#### [Task goal]
Each line in the material below, starting at the one that contains "Hanoi Vietnam slim" and ending at the one that contains "The Declaration of", should be repeated exactly; the pictures should not.

#### [Listed entries]
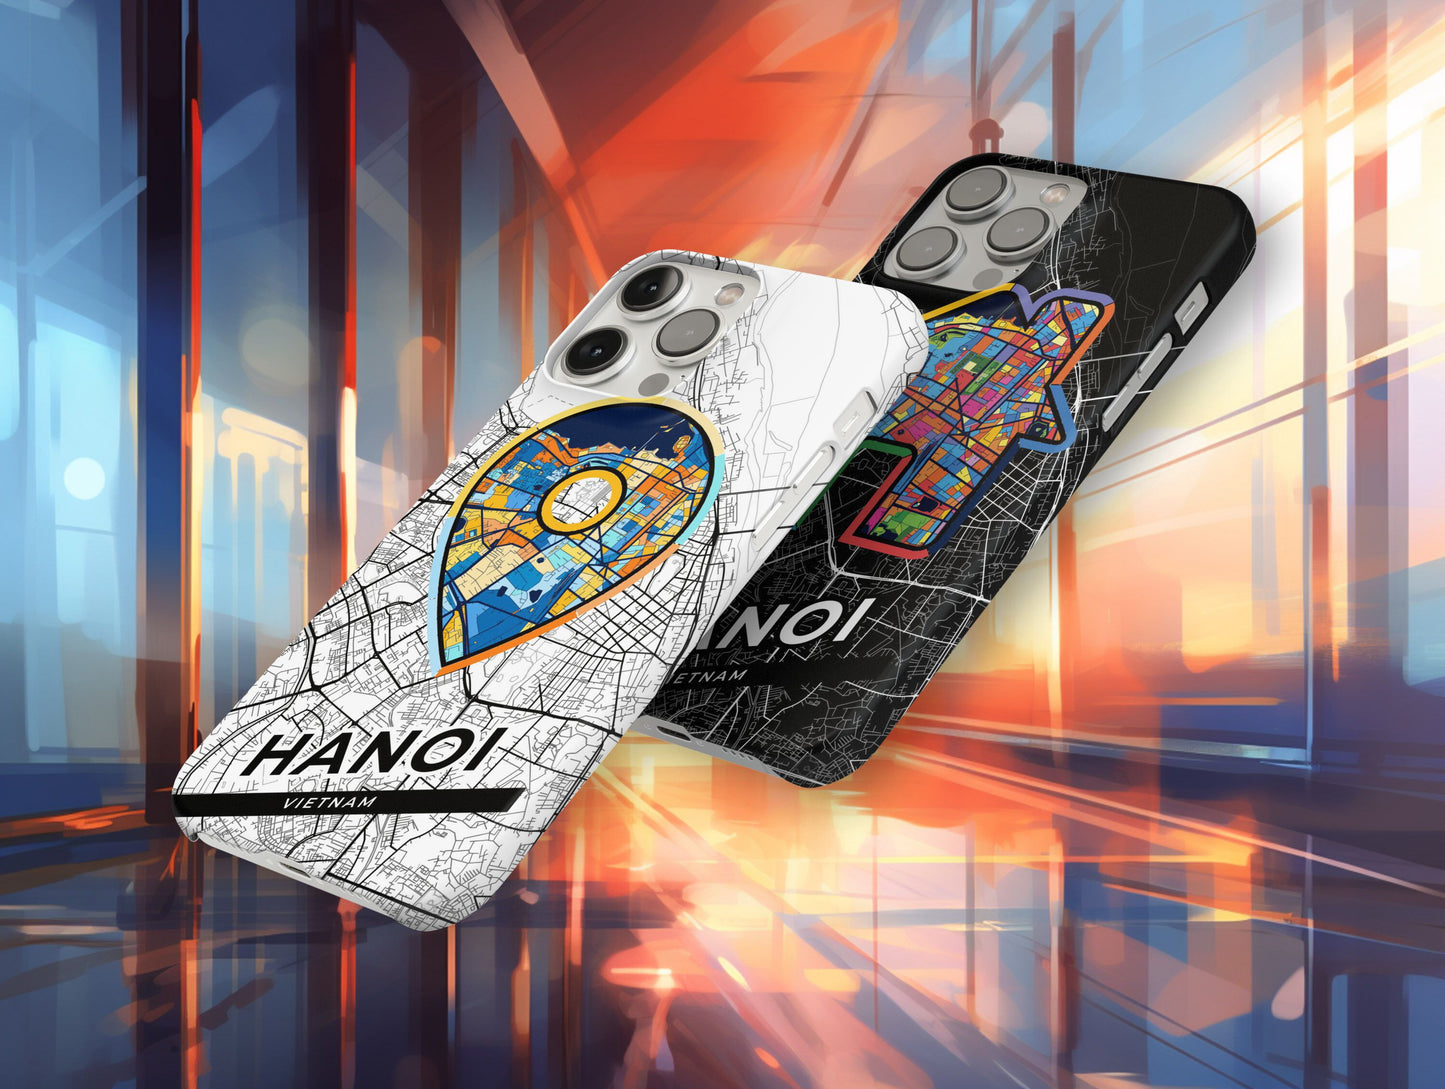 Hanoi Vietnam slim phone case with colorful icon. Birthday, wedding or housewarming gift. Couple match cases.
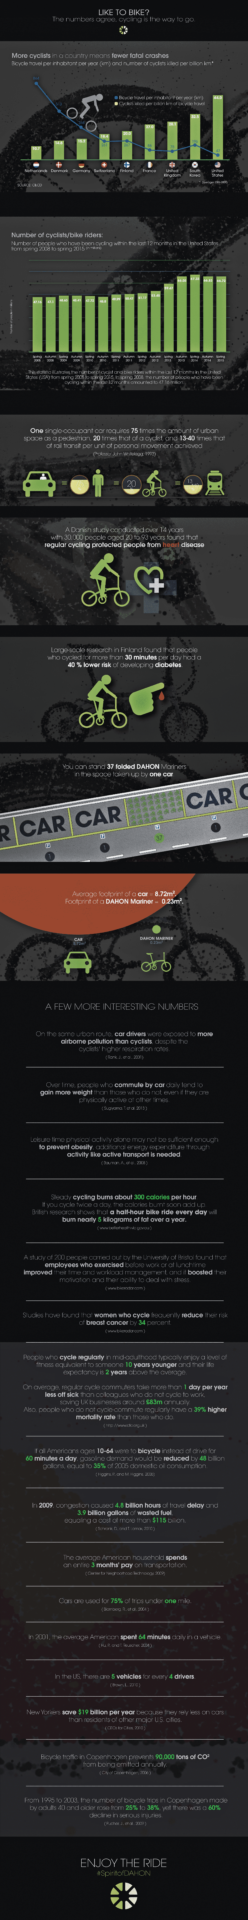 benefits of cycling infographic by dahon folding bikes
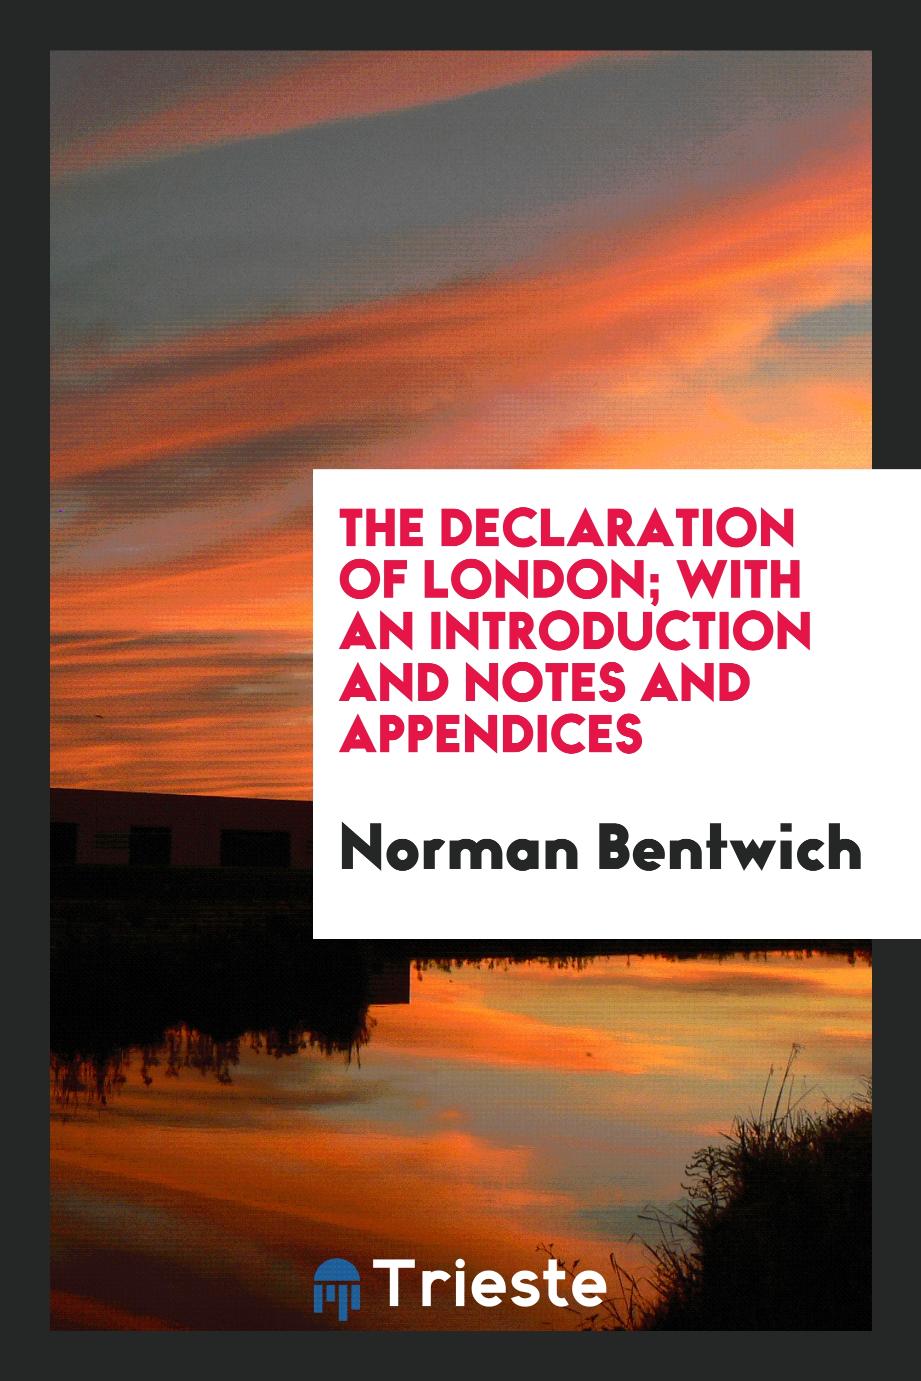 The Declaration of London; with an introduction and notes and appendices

==

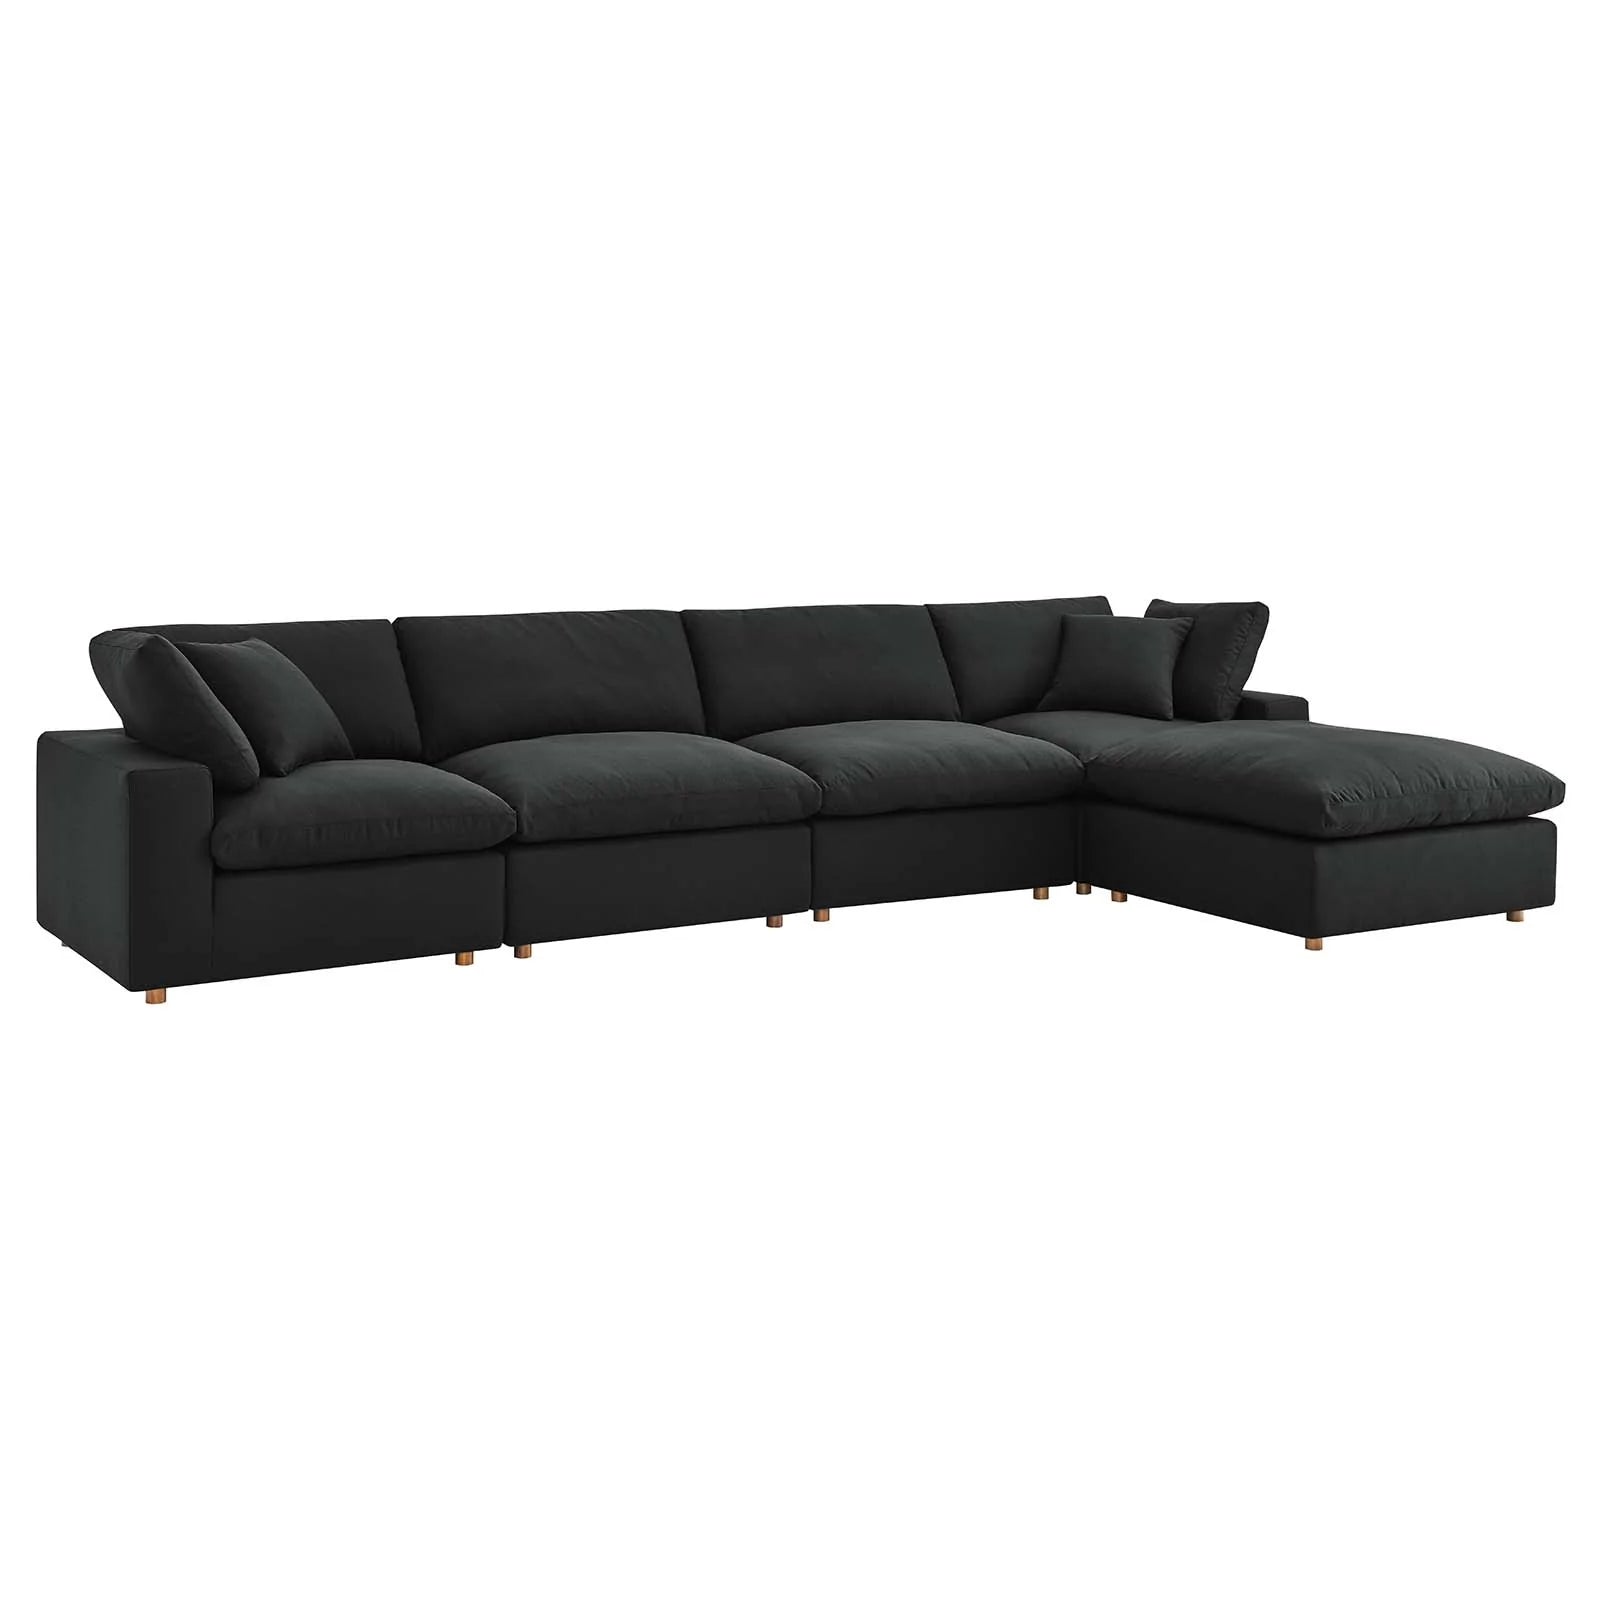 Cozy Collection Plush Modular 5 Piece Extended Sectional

#### [Reply]
 Hanoi Vietnam slim phone case with colorful icon. Birthday, wedding or housewarming gift. Couple match cases.
 benefits of cycling infographic by dahon folding bikes
 The Declaration of London; with an introduction and notes and appendices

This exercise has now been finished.